The similarities and contrasts between Newton and Descartes did not arise in a vacuum. We have already seen the roles of Huygens and Hooke, Boyle and Galileo, Leibniz and others in the development of the era’s thought. A group of thinkers categorized under the heading of the “Cambridge Platonists” played a role in transmitting a Cartesian notion about the nature of space into Newton’s thought. Frederick Copleston writes:
For example, in his Enchiridion metaphysicum Henry More argued that the Cartesian geometrical interpretation of nature leads us to the idea of absolute space, indestructable, infinite and eternal. These attributes cannot, however, be the attributes of material things. Absolute space must be, therefore, an intelligible reality which is a kind of shadow or symbol of the divine presence and immensity. More was primarily concerned with arguing that the mathematical interpretation of nature, which separated the corporeal from the spiritual, ought logically to lead to the linking of the one to the other; in other words, he was concerned with developing an argumentum ad hominem against Descartes. But his argument appears to have exercised an influence on the Newtonian conception of space.
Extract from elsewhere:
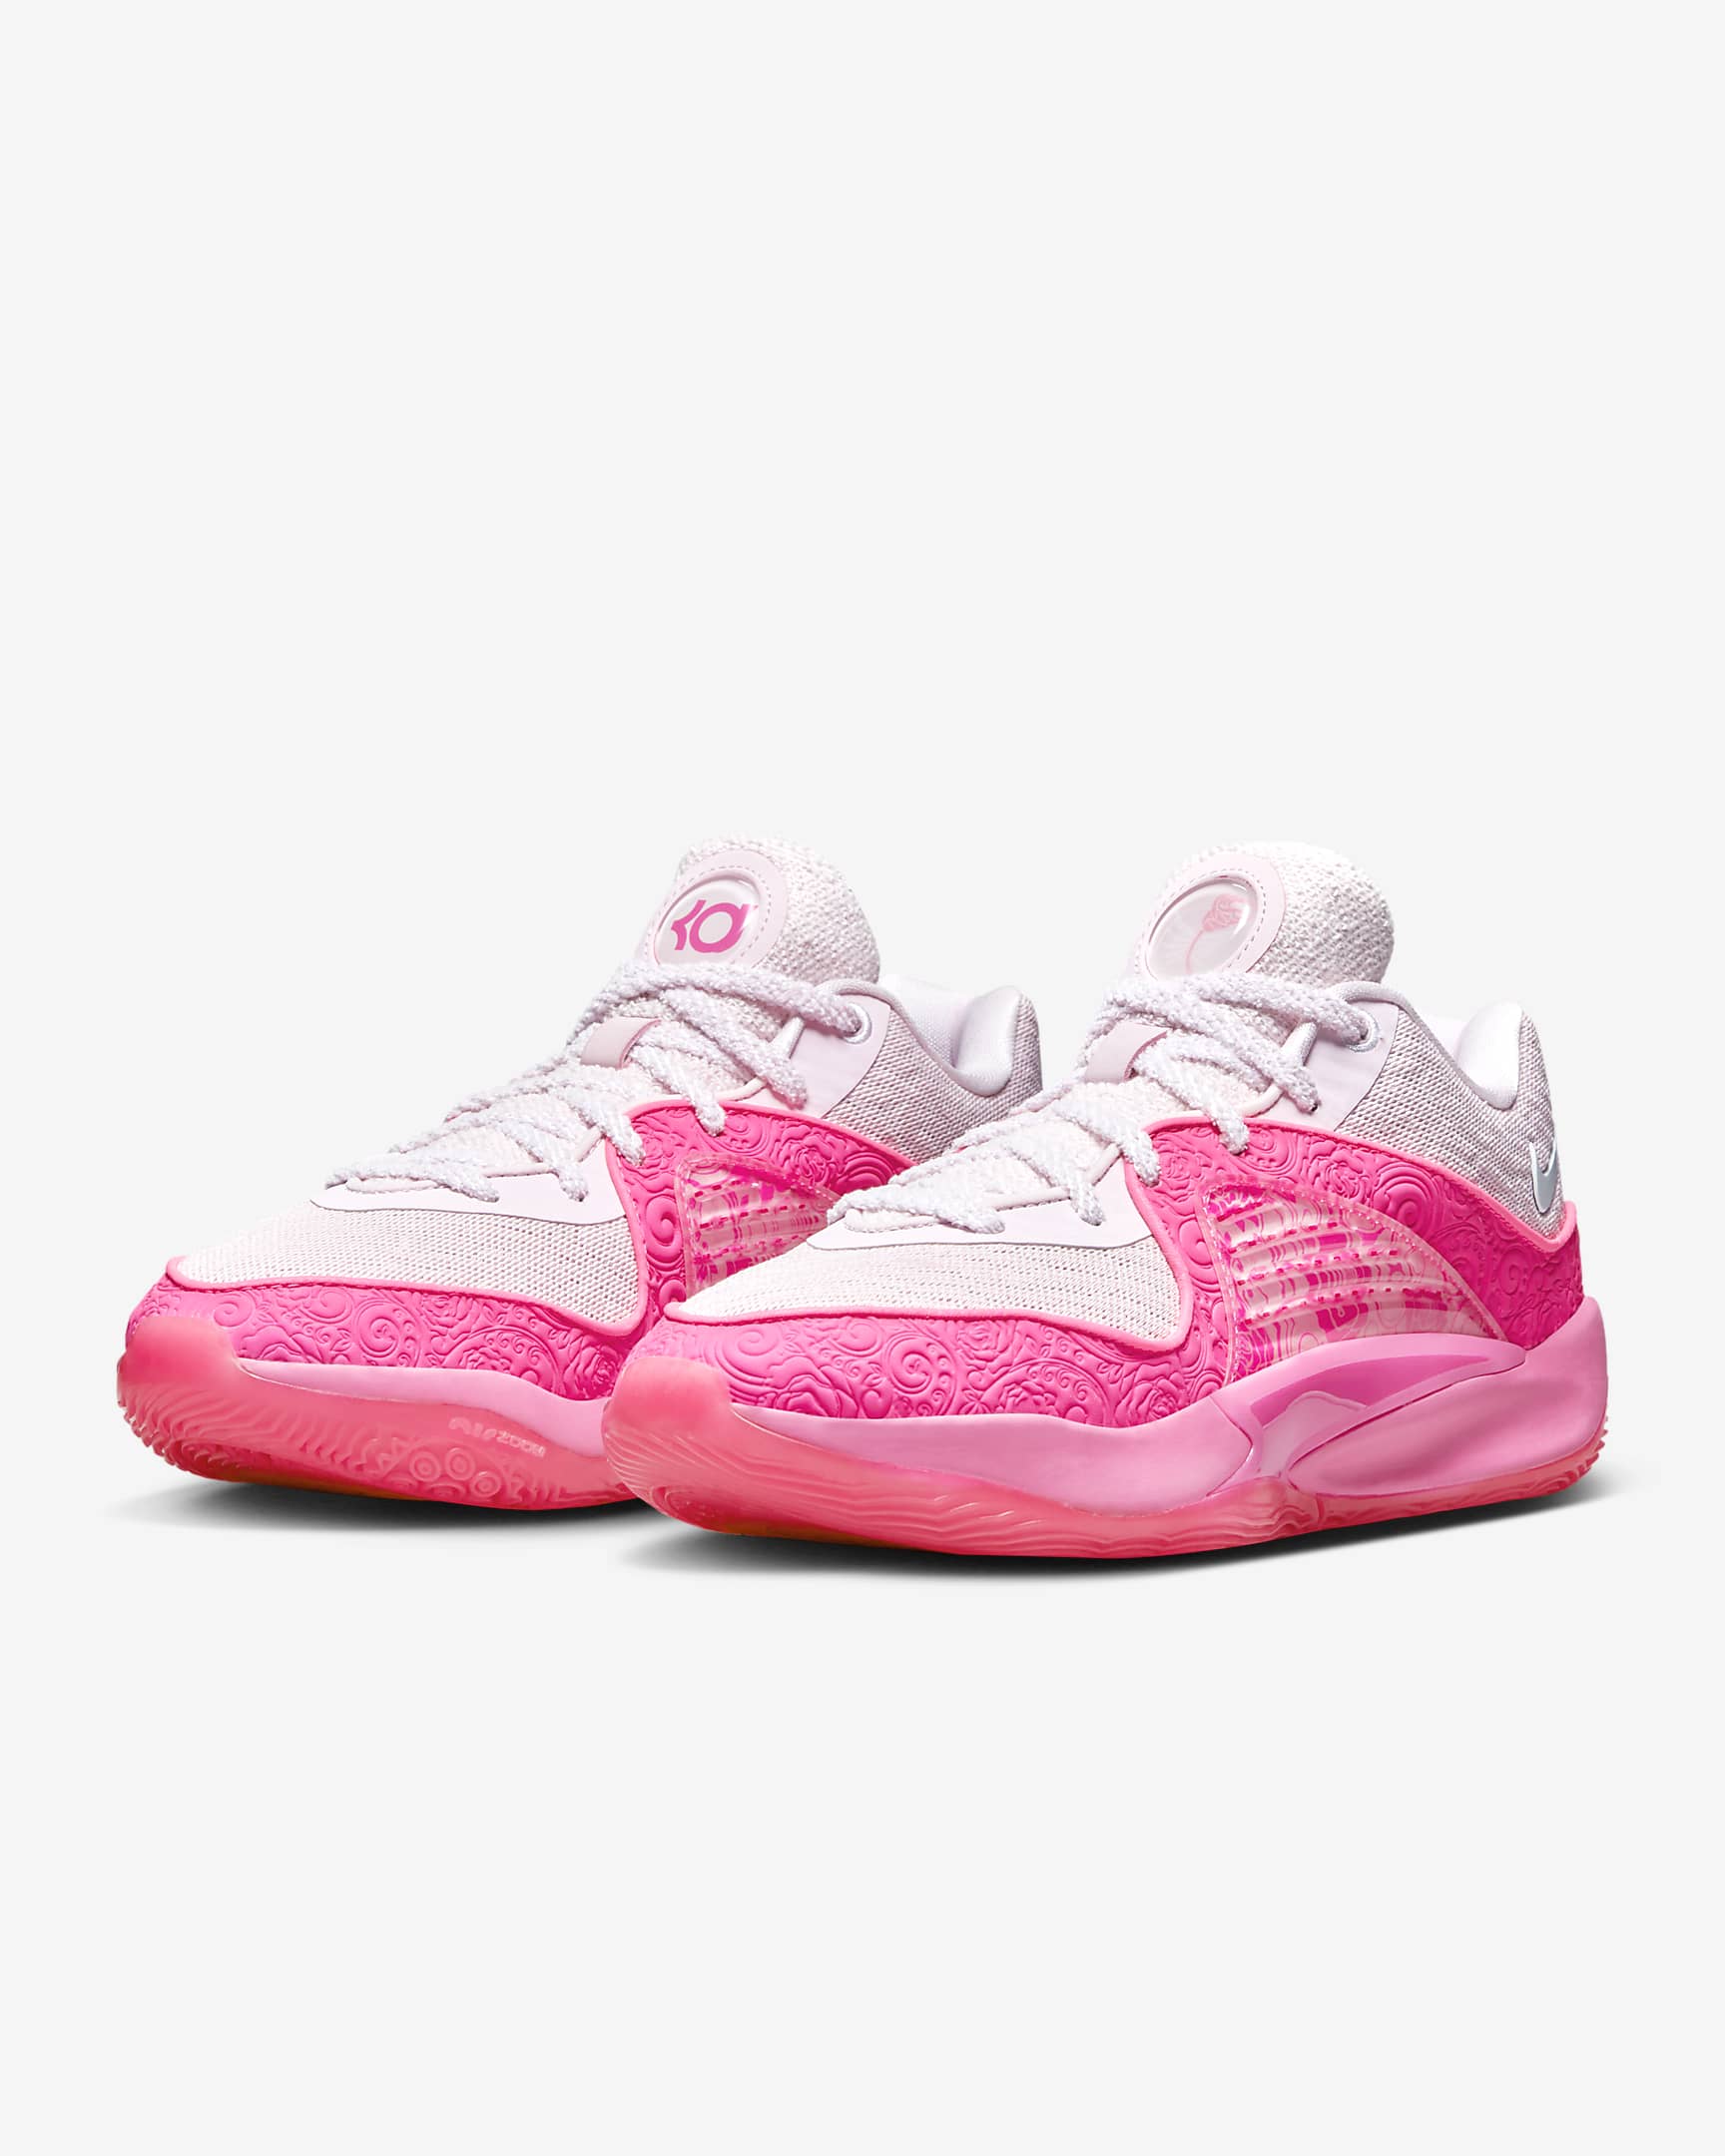 KD16 NRG EP Basketball Shoes. Nike PH

Thus one of the most distinctively Newtonian doctrines - Newton’s peculiar conceptualization of absolute space as independently existing - may have Cartesian roots.
Although it is probable that no philosopher is entirely consistent or coherent, given that all philosophers are human, it may be argued that Newton presents more internal tensions within his thought than some other philosophers. To which extent those tensions can be resolved, and Newton saved from internal contradiction, is a task for wise scholars. Yet it takes only a little charity to see how Newton viewed mathematics and physics, not as a coldly mechanistic belief system of deists and atheists, but as the handiwork of a present and personal deity who inhabits his universe and whose designs have a teleology to them. Niccolo Guicciardini concludes:
Newton encouraged his acolytes to pursue researches in ancient analysis and never missed the opportunity for praising those, such as Huygens, who resisted the prevailing taste for the symbolism of the moderns, the “bunglers in mathematics.” When the polemic with Leibniz exploded, he could deploy his classicizing and anti-Cartesian theses against the German. Thus, Newton’s last mathematical productions, publications, and (often anonymous) polemical pieces were driven by a philosophical agenda difficult to reconcile with his mathematical practice.
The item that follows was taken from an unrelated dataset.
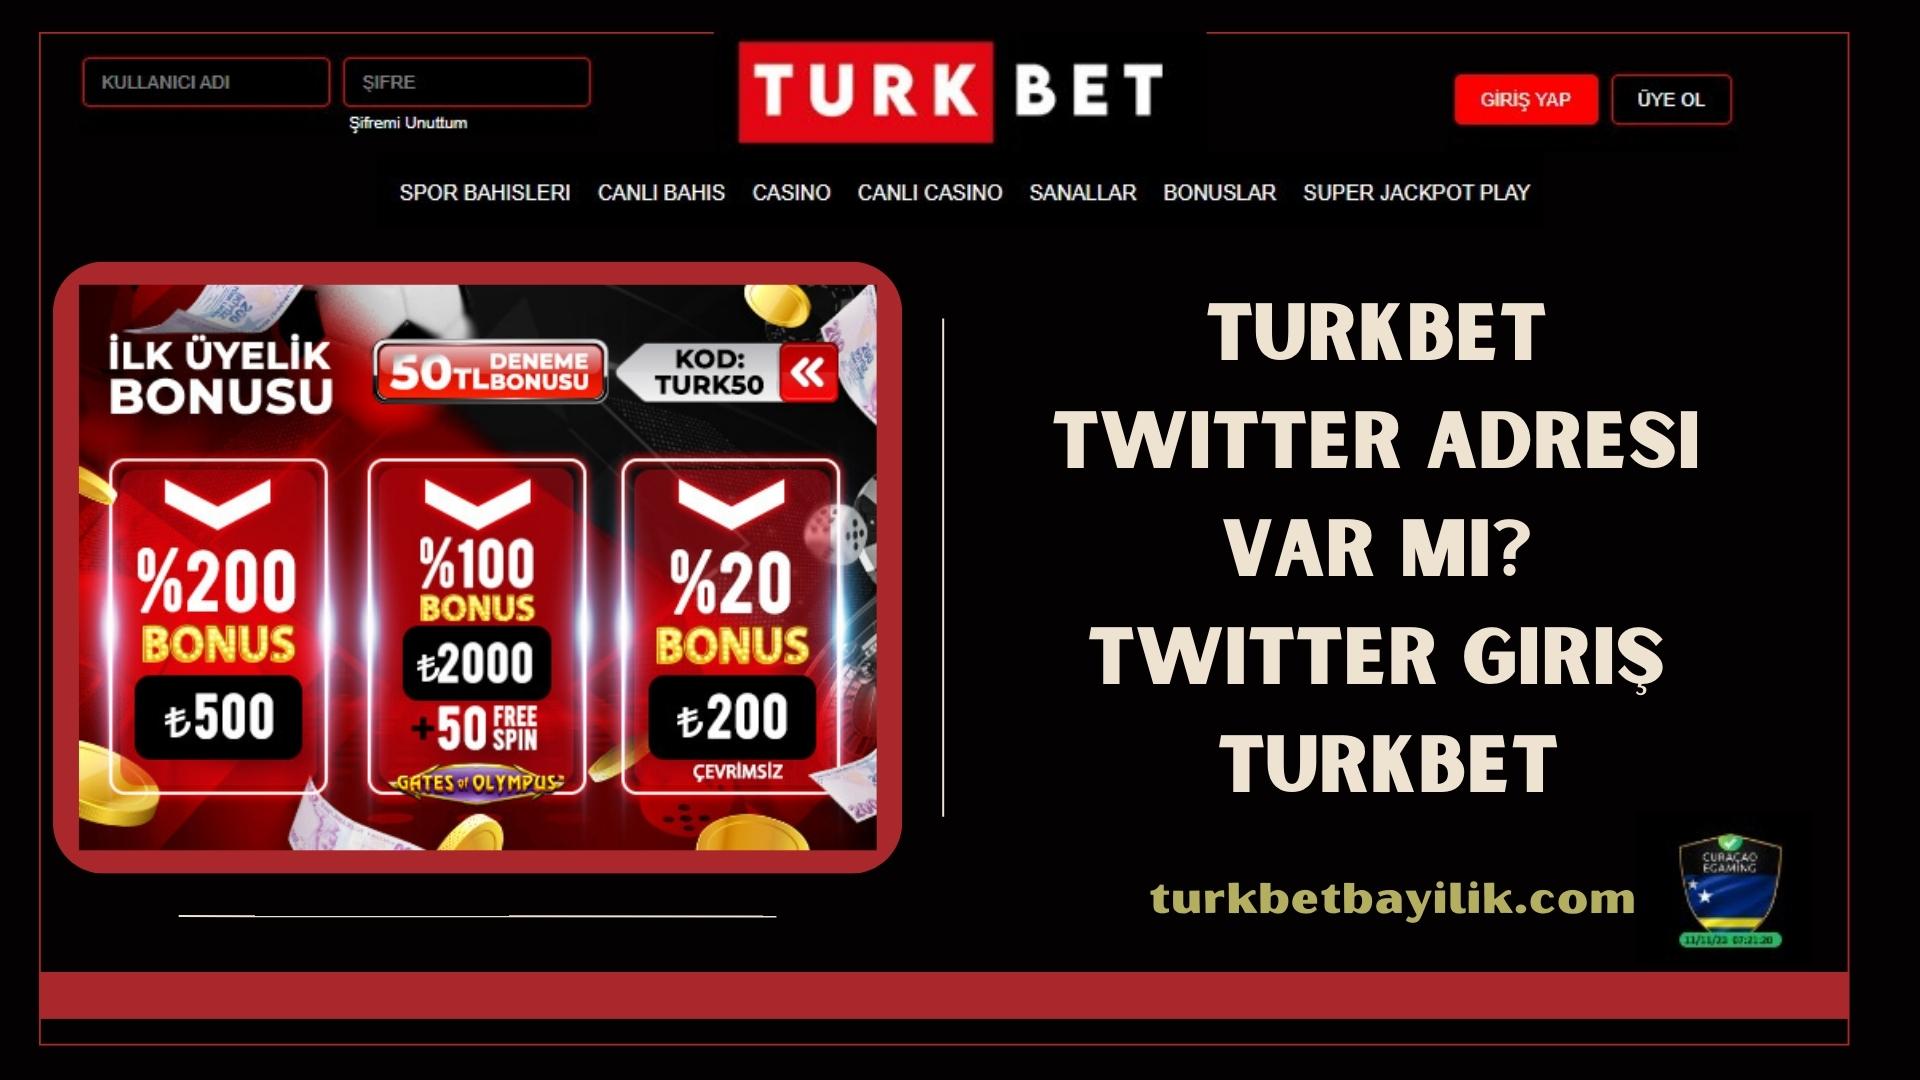 Turkbet Twitter Adresi Var mı? Twitter Giriş Turkbet

Perhaps the story - with its ambiguous interpretations - of Sweden’s Queen Christina is a fitting symbol for the careers of Descartes and Newton. While Descartes could seem rather detached from the Roman Catholicism which professed, Christina converted, upon the death of Descartes, to that faith; Descartes was the only Roman Catholic with whom she’d spent significant amounts of time. Her engagement with that faith seems to have been more passion than that of Descartes; she surrendered her throne for it. Likewise, Newton may have engaged more actively with some aspects of Cartesian thought, while rejecting other aspects of it, than Descartes himself did.